How Britain supported Gaddafi’s approach suppress opponents

Five days after 9/11, early on a Sunday evening, a small group of senior CIA officers drove from their headquarters in Langley, Virginia, to the British embassy at 3100 Massachusetts Avenue NW in Washington DC, in order to brief MI6 on the agency’s planned response to the attacks.
Leading the delegation was Cofer Black, head of the CIA’s counter-terrorist centre. Black was still wearing the same suit he had put on five days earlier, and looked shattered: he had been working day and night to draw up a cogent plan to protect his country from any further attacks.
Inside the embassy, Black and his colleagues gave a three-hour presentation on their plans. The CIA had been running a kidnap-and-interrogation project on a small scale since the mid-90s, targeting jihadists in Bosnia. It was known as the rendition programme. The plan was to dramatically increase the scale and scope of the programme.
According to Tyler Drumheller, then head of CIA operations in Europe, the MI6 officers listened quietly as Black detailed his plan, which involved the identification, abduction and interrogation of al-Qaida suspects around the globe. At the end of the presentation, Mark Allen, head of counter-terrorism at MI6, observed rather dryly that “it all sounds rather blood curdling”. Drumheller noted that the MI6 officers appeared very worried. Some of his fellow CIA officers, with less experience of dealing with the Brits, mistook their slightly insouciant manner for a sign of approval.

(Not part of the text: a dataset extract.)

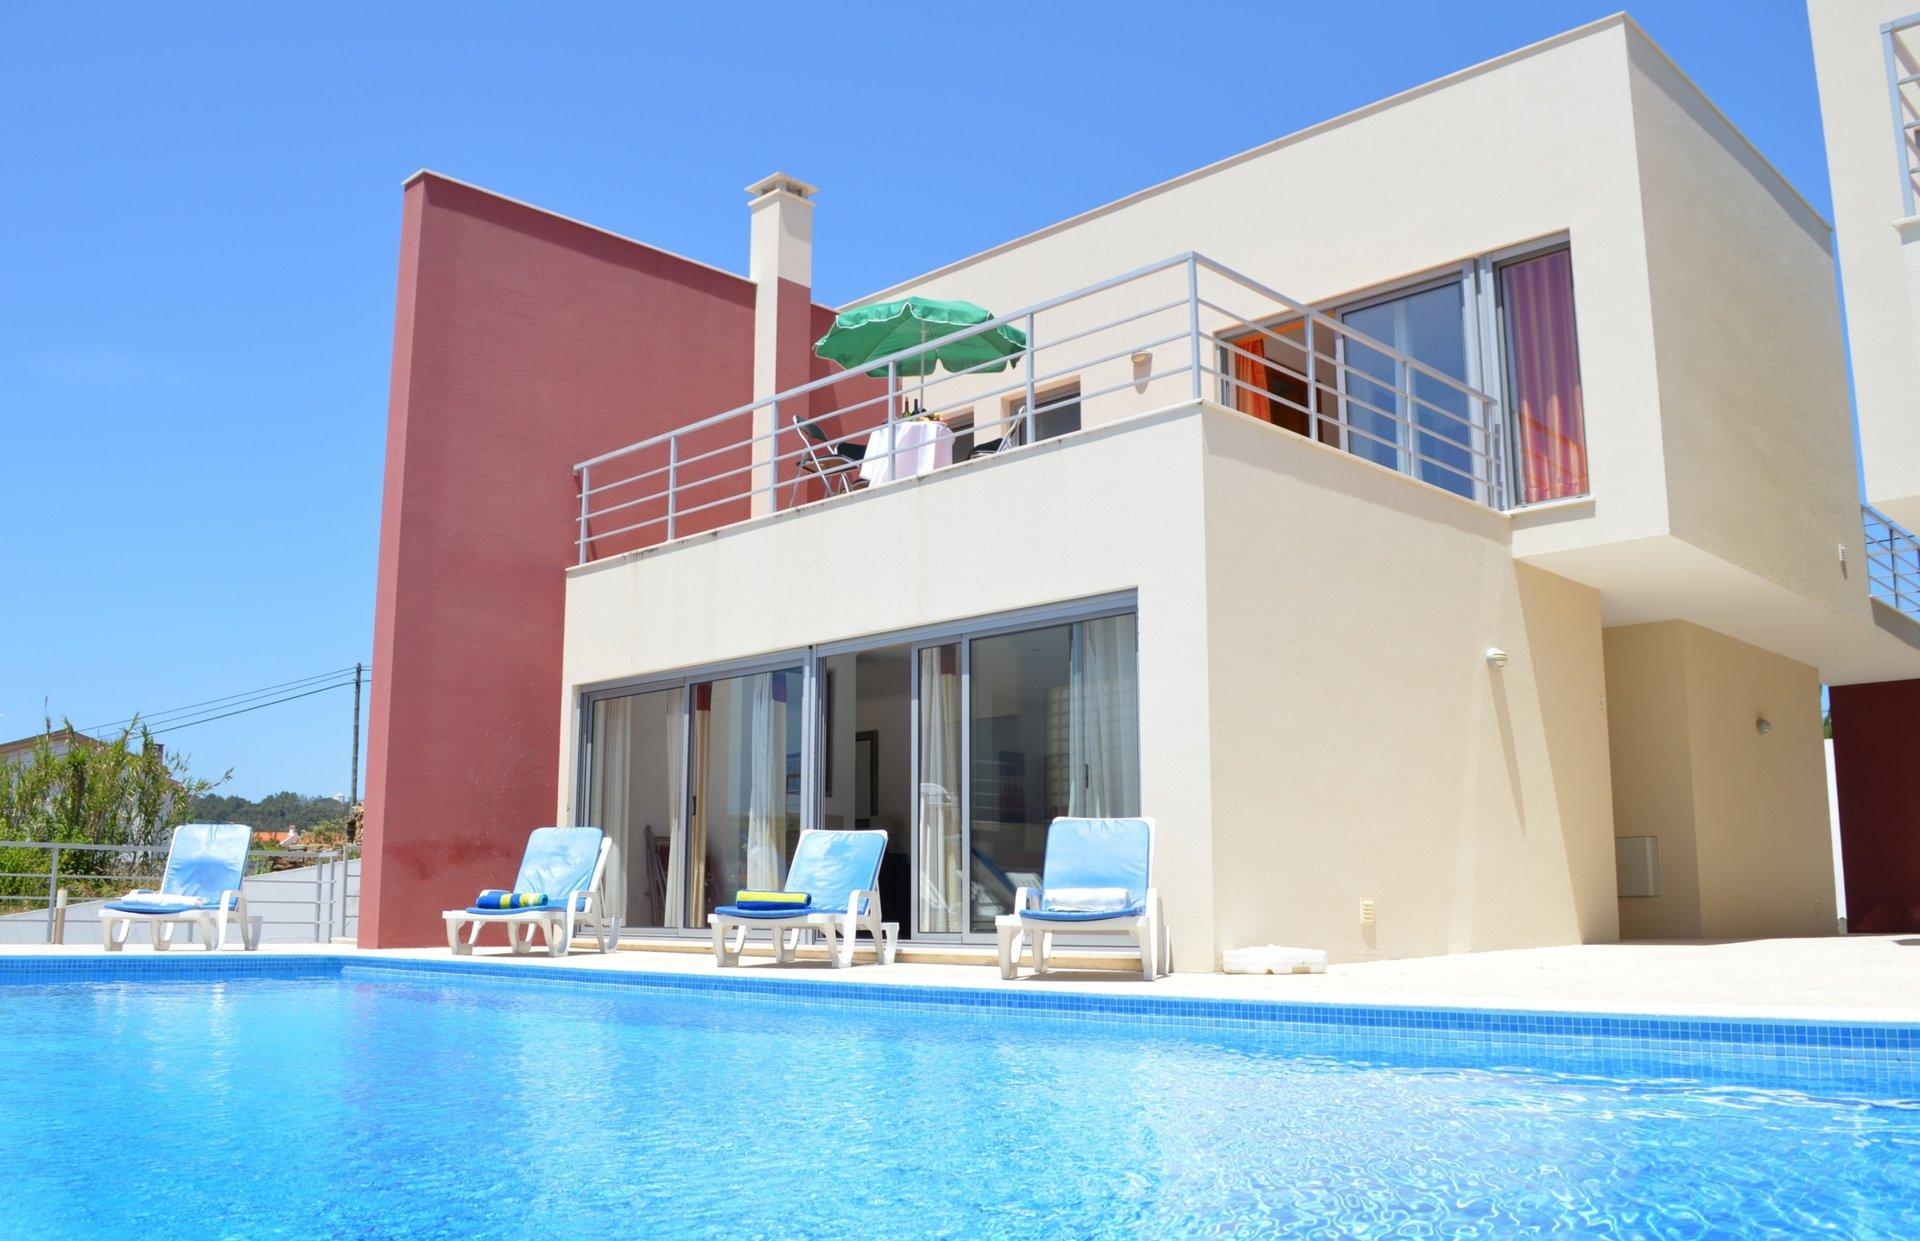 3 Bedroom Villa Foz do Arelho, Silver Coast Ref: AV2027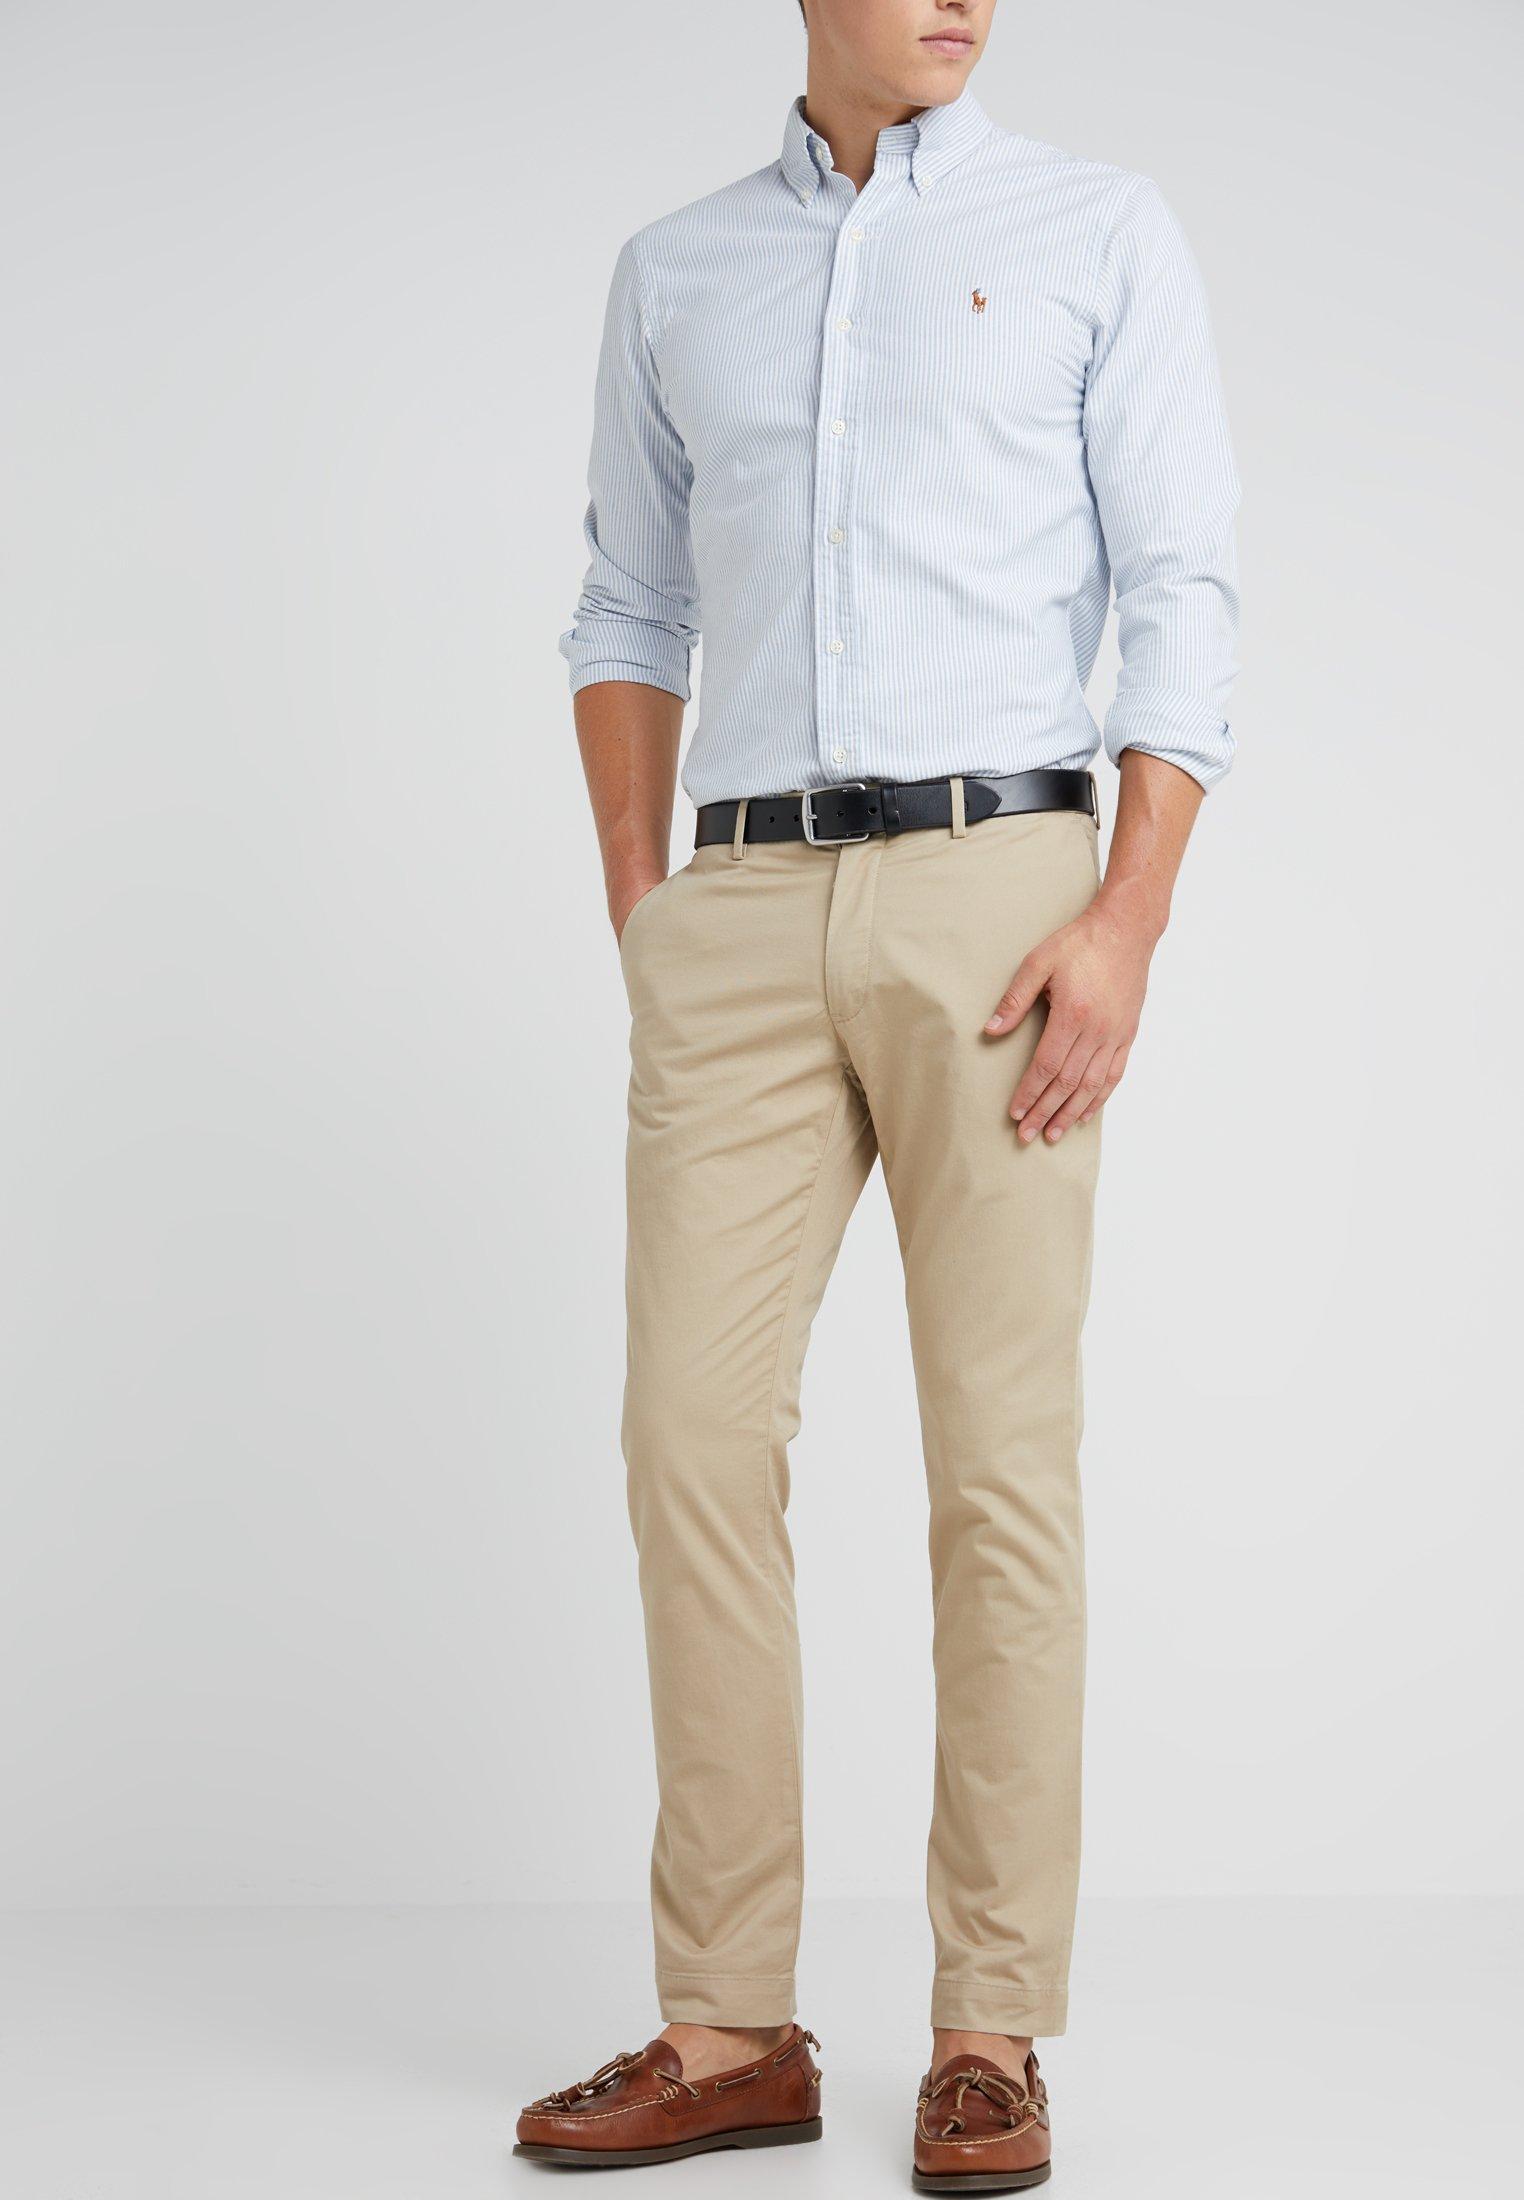 Classic Flat PantPantalon Ralph Khaki Classique Lauren Polo hxstrQdC

Allen wanted to know what the CIA and MI6 would do after al-Qaida was scattered across the world. He asked: “And what are we going to do, once we have hammered the mercury in Afghanistan?” The CIA officers looked at each other. According to one account of the meeting, Black said: “We’ll probably all be prosecuted.”
The death toll of the 9/11 attacks was still rising and President George W Bush was eager to take a tough stance. The day after the Pentagon briefing, Bush gave a press conference in which he offered a glimpse of what was to come. “I want justice,” he said. “There’s an old poster out west that says: ‘Wanted – Dead or Alive.’”
The implications of this would be thrashed out early the following year by the heads of the intelligence agencies of the US, UK, Canada, New Zealand and Australia. At a meeting at Queenstown, a ski resort in New Zealand, CIA director George Tenet insisted they could only understand and defeat al-Qaida if they worked closely with intelligence agencies across the Muslim world, and if they agreed to do whatever it took to hit back against terrorists. “The shackles, my friends, have been taken off,” Tenet is said to have declared.
One of the most pressing imperatives was to create close ties with the intelligence agencies of the Arab world. With this aim, in 2002 the CIA and MI6 began co-operating with the Libyan External Security Organisation (ESO), Col Muammar Gaddafi’s notorious overseas intelligence agency.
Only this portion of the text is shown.